4. The next element 3 appears in the window, so we remove that element and the element to the left, 2,3.

Let’s take a look at how the code works.

Window = set() n = len(s) max_len = 0 for I in range(n): While s[I] in window: Add (s[I]) max_len = Max (len(window),max_len) return max_lenCopy the code

The algorithm’s time complexity is O(n).

Merges two ordered arrays

Problem description

LeetCode 88. Merge two ordered arrays

You are given two non-descending arrays of integers, nums1 and nums2, and two integers, m and n, representing the number of elements in nums1 and nums2, respectively.

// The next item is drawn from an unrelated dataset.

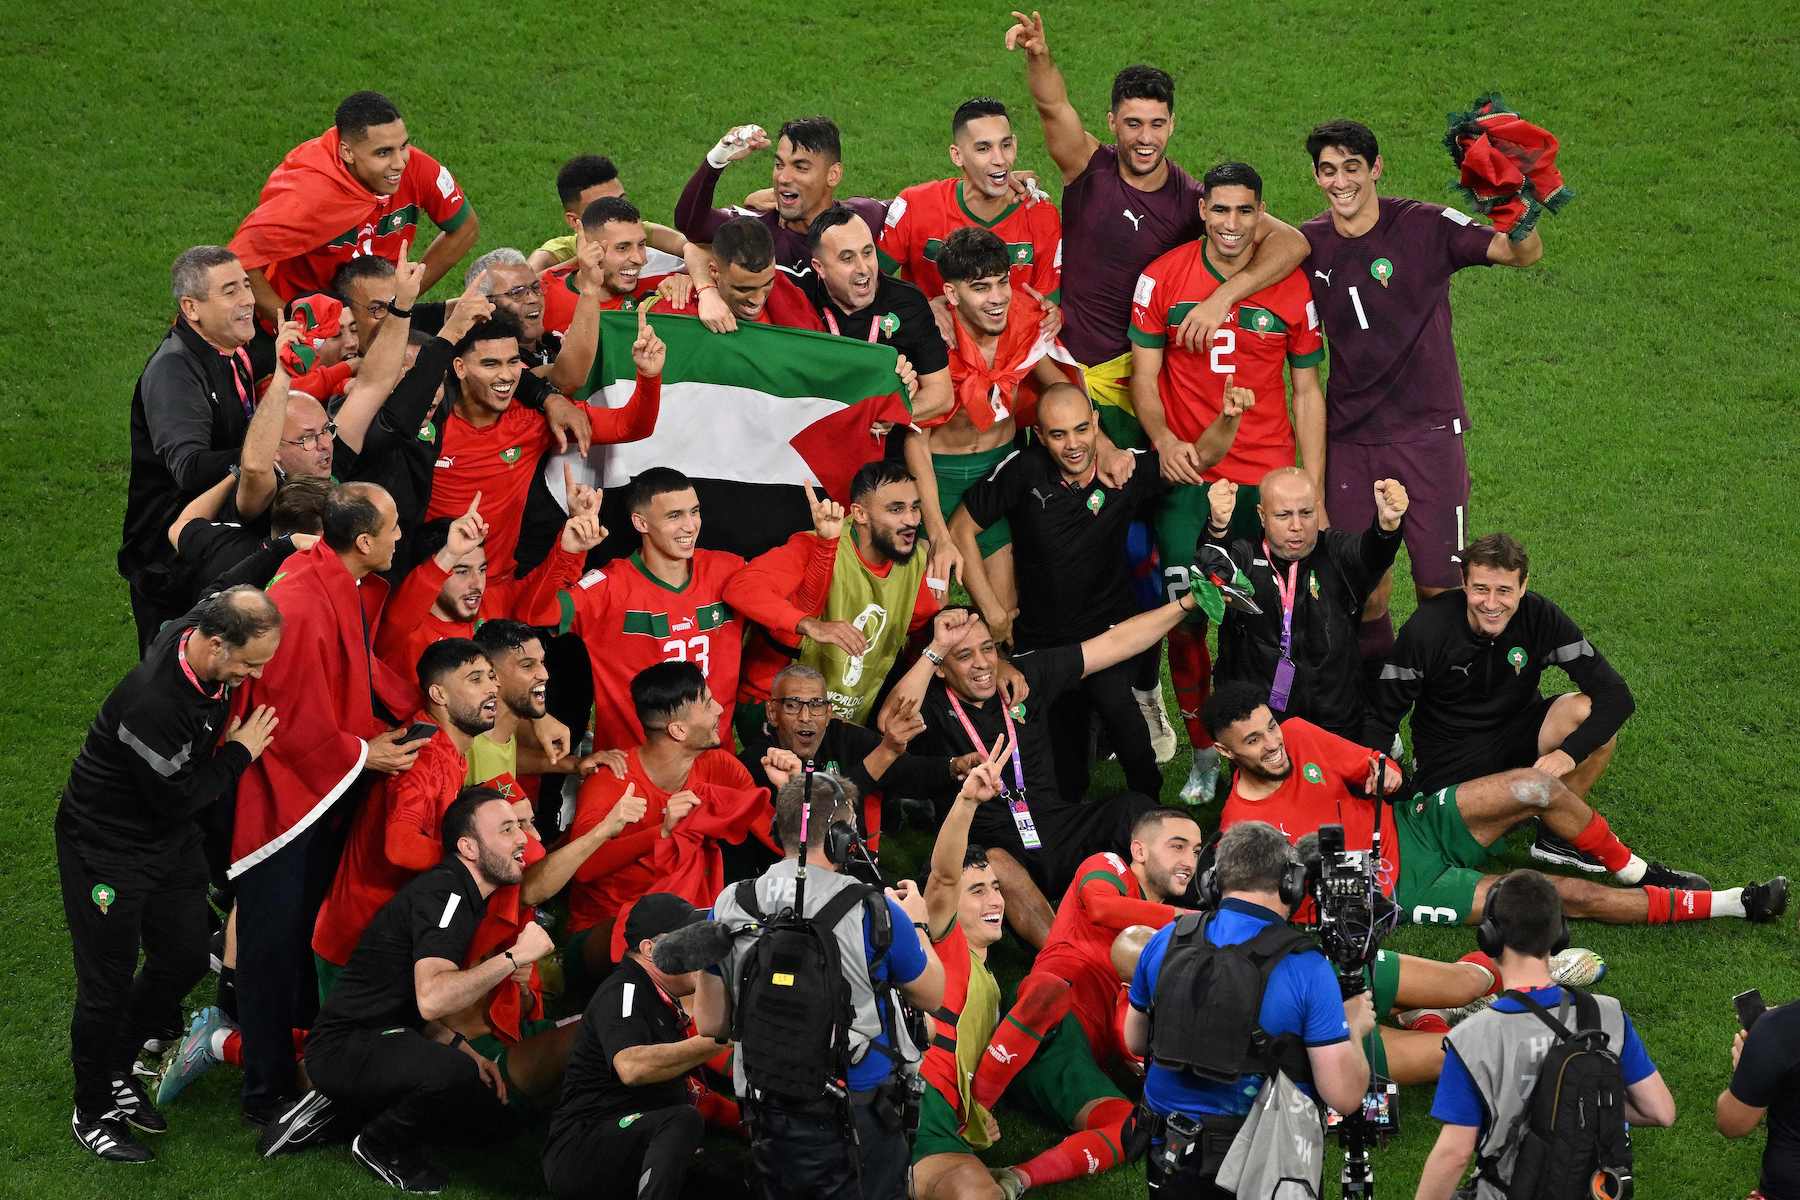 Morocco’s Soccer Team And Fans Celebrate Their Historic Win Against Spain By Waving Palestine’s Flag

Please merge nums2 into nums1 so that the merged array is also in non-descending order.

Note: Finally, the merged array should not be returned by the function, but stored in the array nums1. To deal with this, nums1 has an initial length of m + n, where the first m elements represent the elements that should be combined and the last n elements are 0 and should be ignored. Nums2 has a length of n.

Example:

Input: nums1 = [1,2,3,0,0], m = 3, nums2 = [2,5,6], n = 3

Output:,2,2,3,5,6 [1]

Explanation: need to merge [1,2,3] and [2,5,6]. The combined result is [1,2,2,3,5,6].

### Analyze the problem

The simplest and most violent way is to put nums2 in the last n positions of nums1 and sort nums1 directly. We will not repeat it here.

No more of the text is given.